Supplied information ->
• • • • •
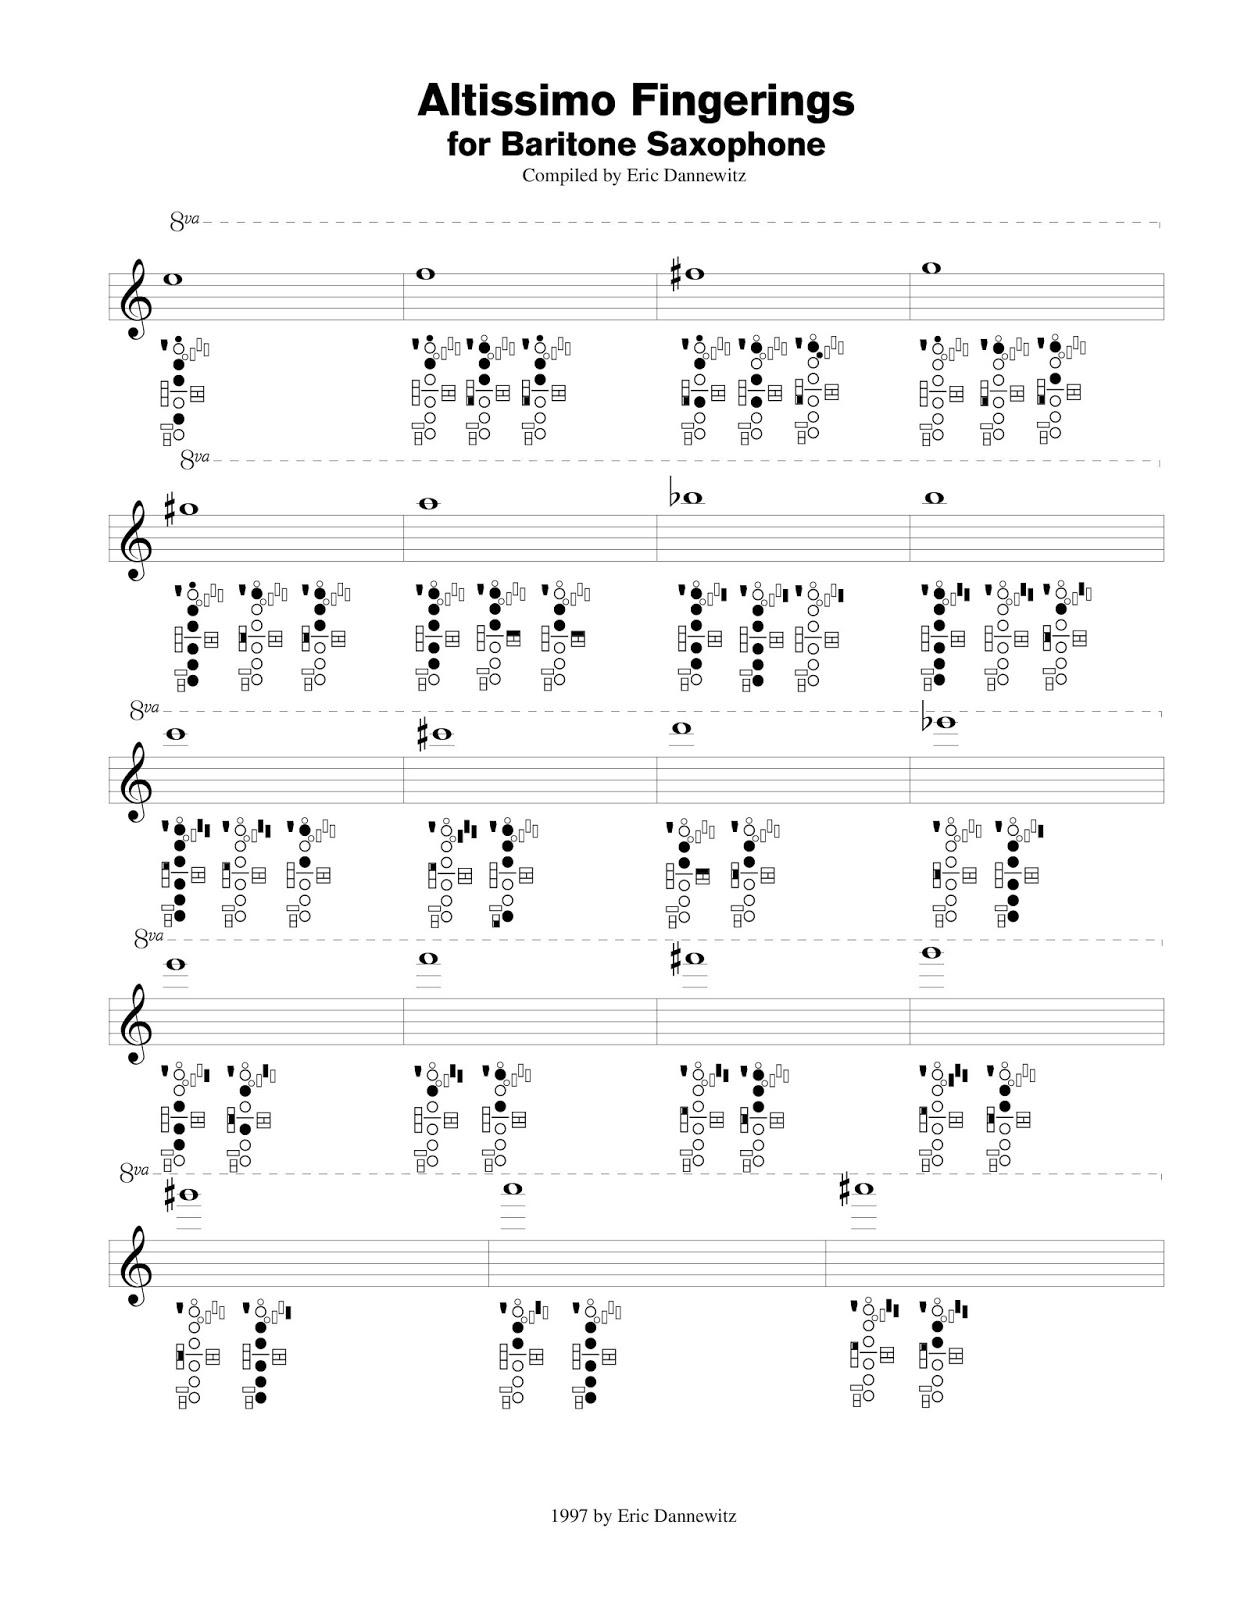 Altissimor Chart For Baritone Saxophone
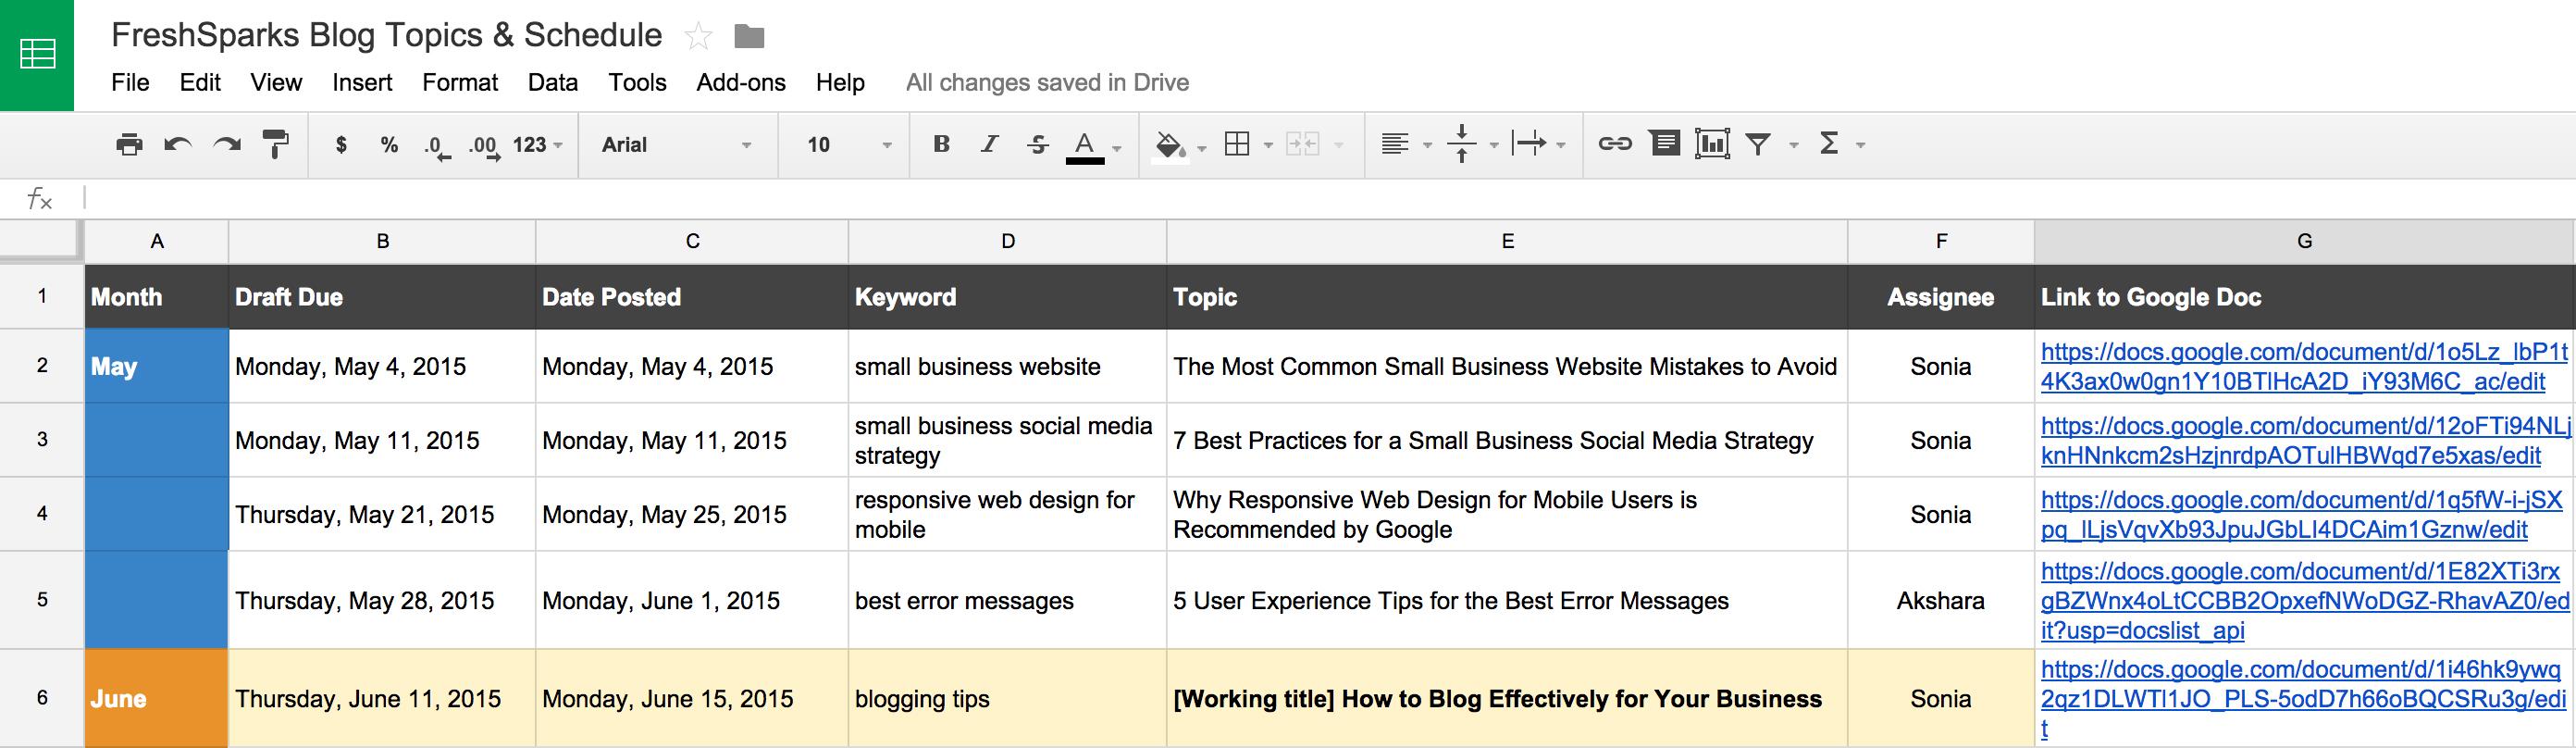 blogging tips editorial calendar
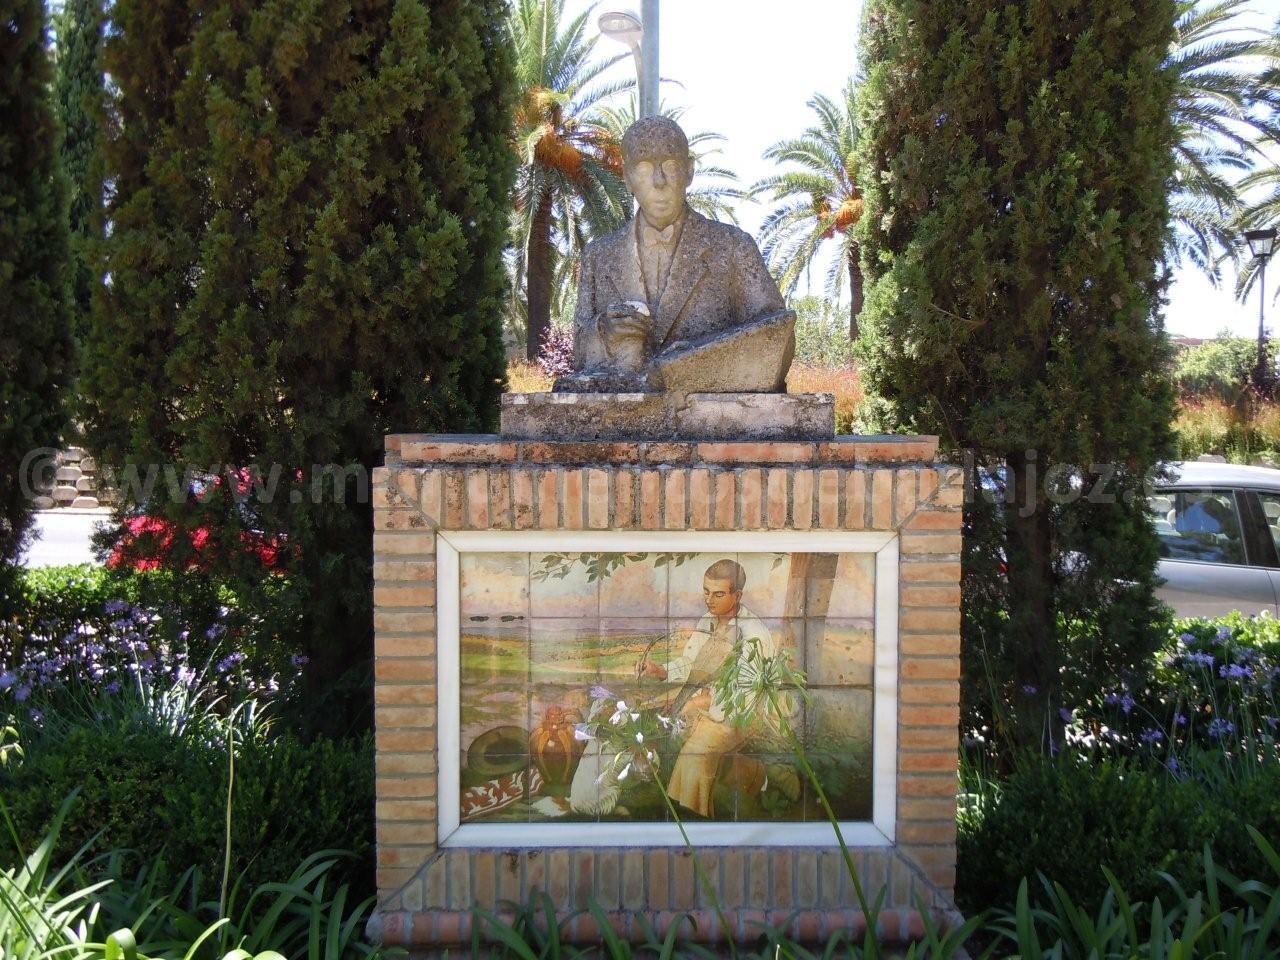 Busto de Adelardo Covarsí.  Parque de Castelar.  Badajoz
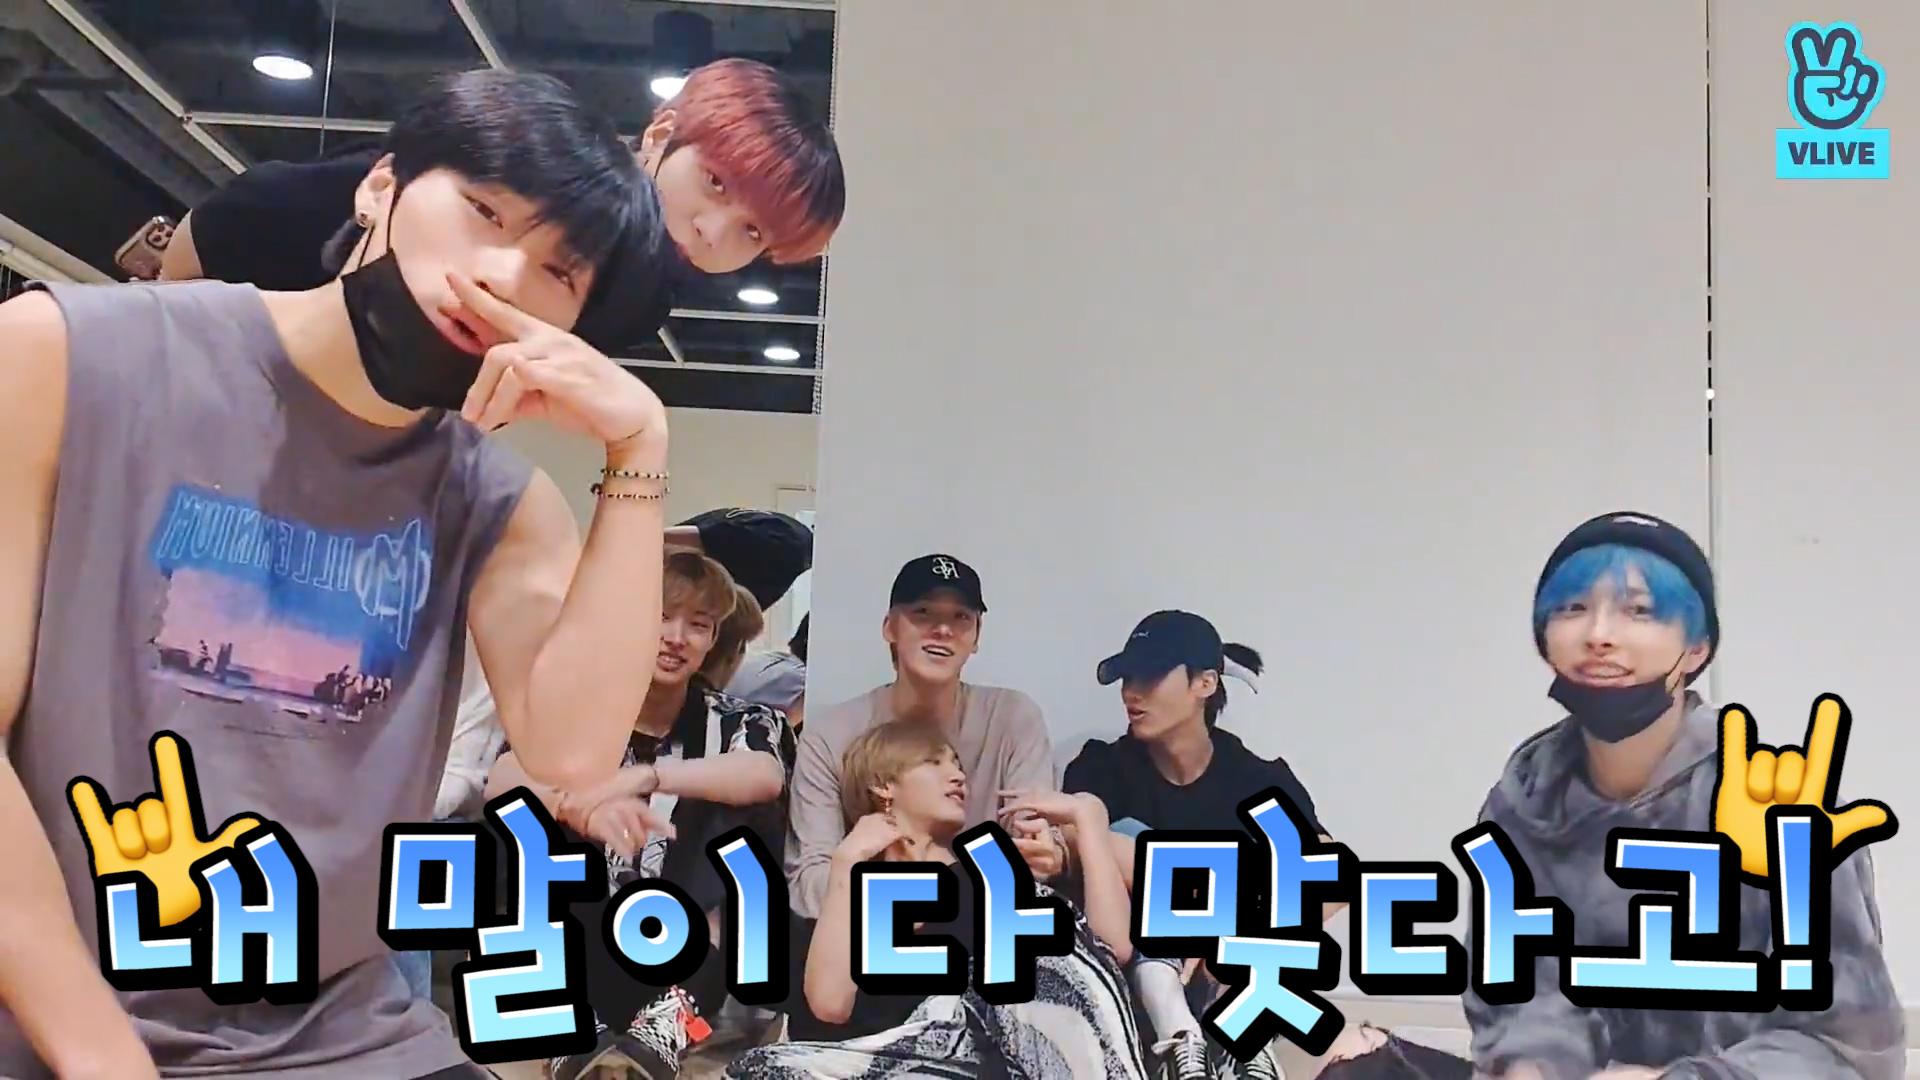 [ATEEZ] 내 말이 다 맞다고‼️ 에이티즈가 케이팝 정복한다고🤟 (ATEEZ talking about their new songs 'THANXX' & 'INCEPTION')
• • • • •
Your reply should hold every line above exactly as written and none of the pictures.

Response ->
 Altissimor Chart For Baritone Saxophone
 blogging tips editorial calendar
 Busto de Adelardo Covarsí.  Parque de Castelar.  Badajoz
 [ATEEZ] 내 말이 다 맞다고‼️ 에이티즈가 케이팝 정복한다고🤟 (ATEEZ talking about their new songs 'THANXX' & 'INCEPTION')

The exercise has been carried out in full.